> TASK BRIEF
Word for word, repeat the data; no picture should appear in the result.

> RECORDED DATA
_ _ _

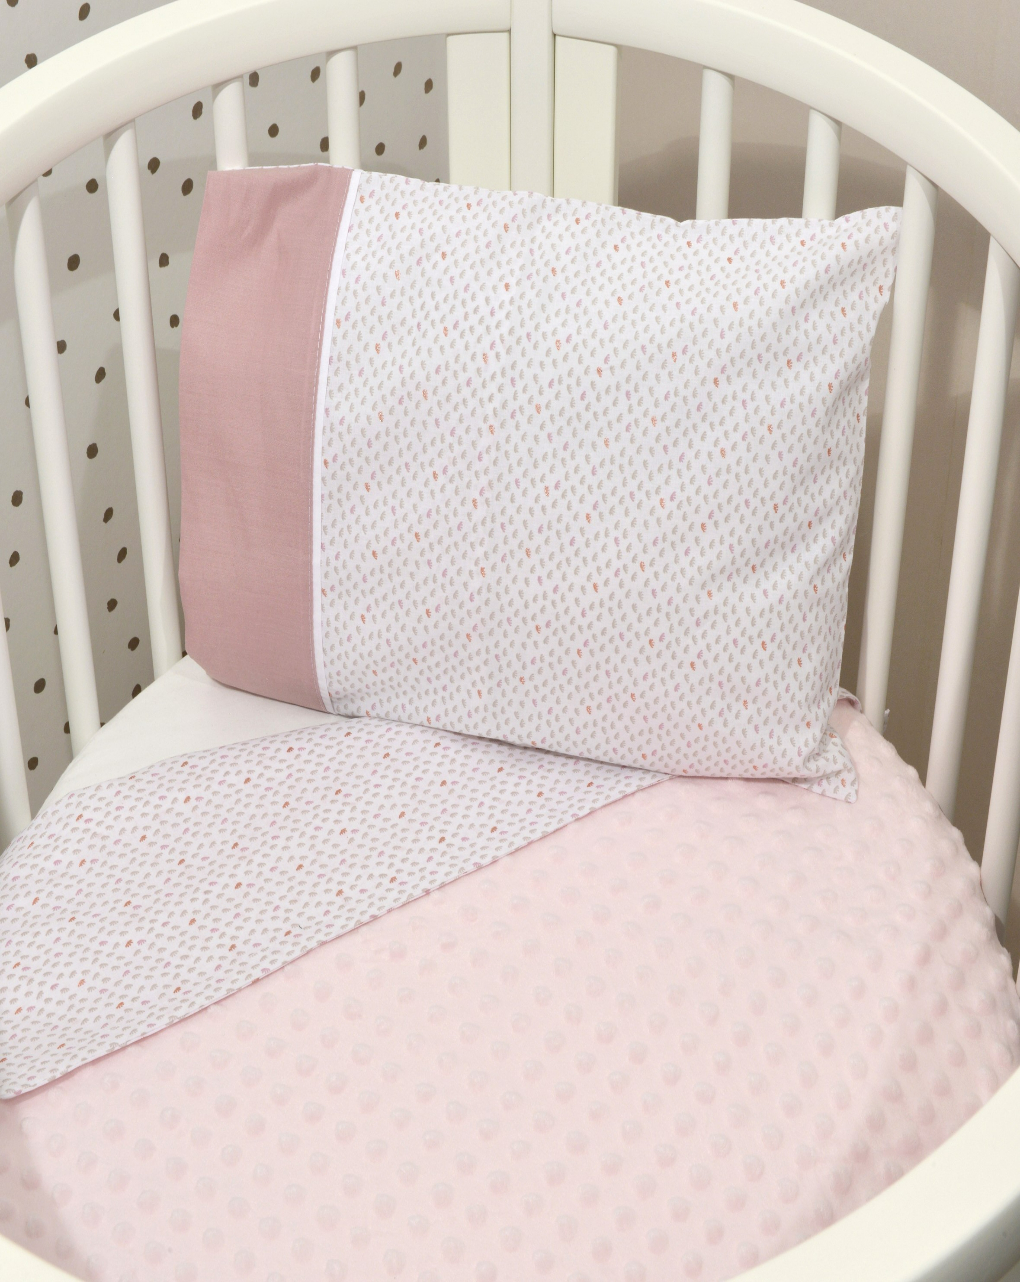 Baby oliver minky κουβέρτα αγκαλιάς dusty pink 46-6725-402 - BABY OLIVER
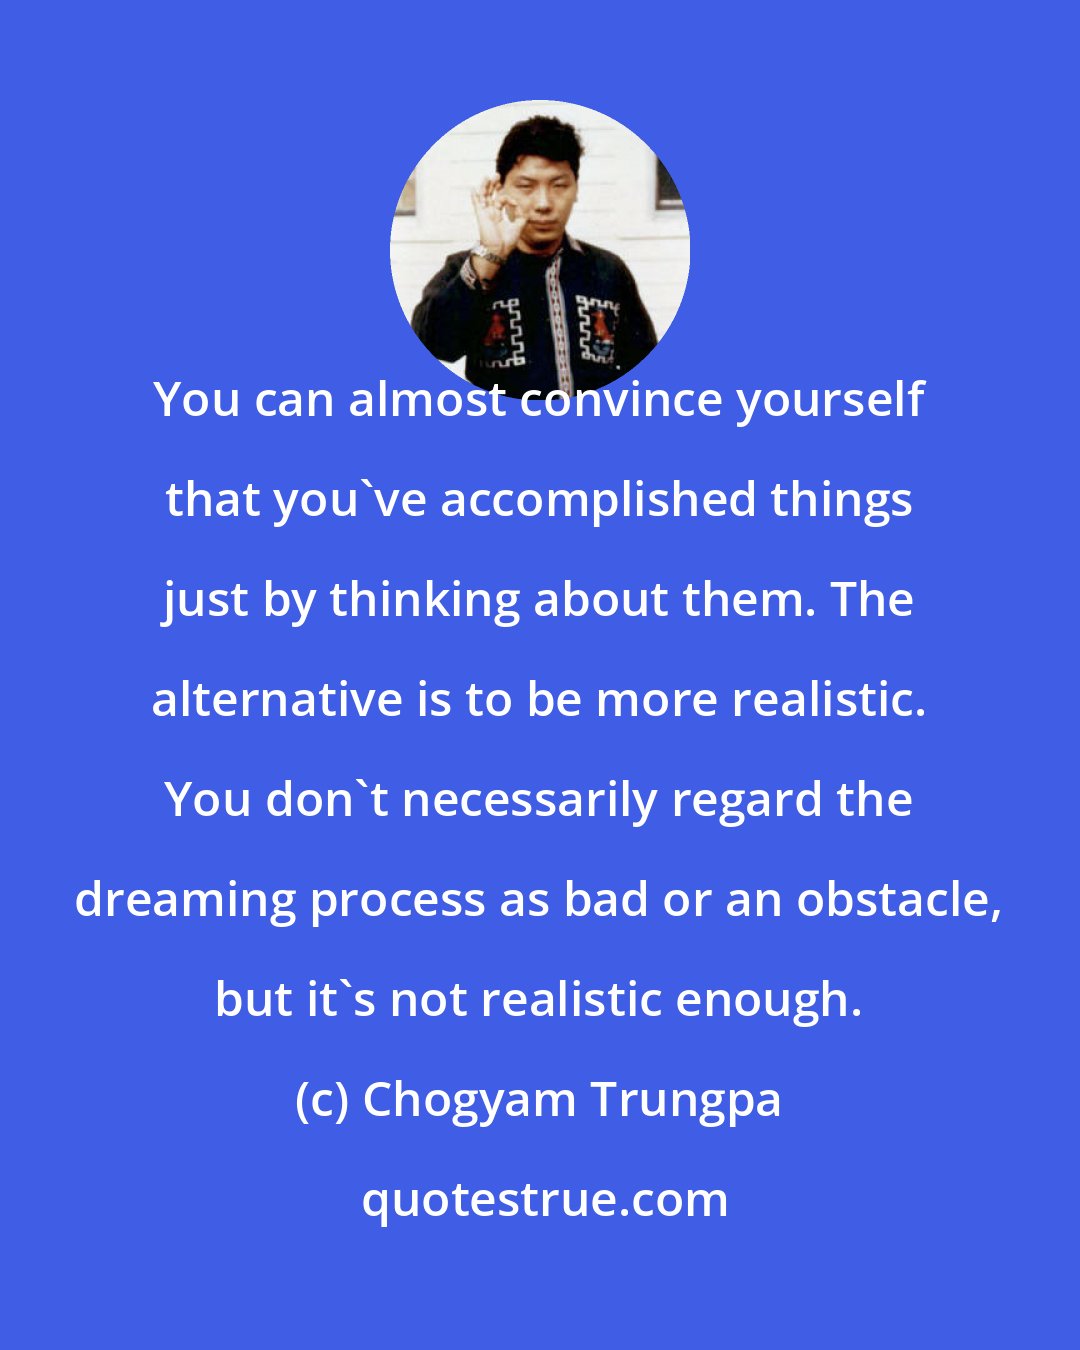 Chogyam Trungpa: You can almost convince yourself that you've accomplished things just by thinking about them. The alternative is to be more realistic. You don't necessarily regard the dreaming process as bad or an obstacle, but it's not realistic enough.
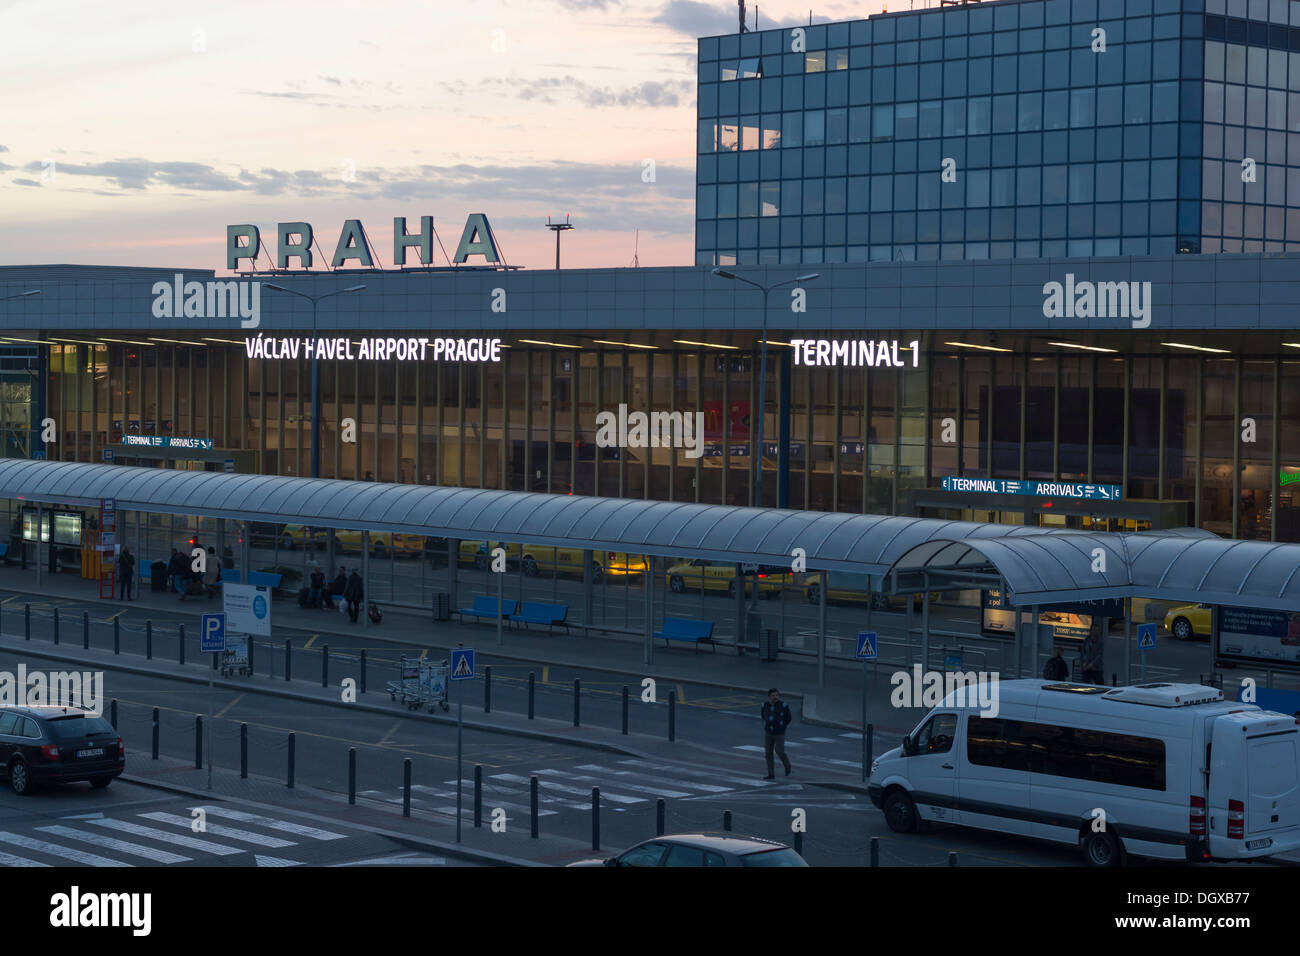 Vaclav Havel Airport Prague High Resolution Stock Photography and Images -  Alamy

_ _ _

> OUTPUT BELOW
 Baby oliver minky κουβέρτα αγκαλιάς dusty pink 46-6725-402 - BABY OLIVER
 Chogyam Trungpa: You can almost convince yourself that you've accomplished things just by thinking about them. The alternative is to be more realistic. You don't necessarily regard the dreaming process as bad or an obstacle, but it's not realistic enough.
 Vaclav Havel Airport Prague High Resolution Stock Photography and Images -  Alamy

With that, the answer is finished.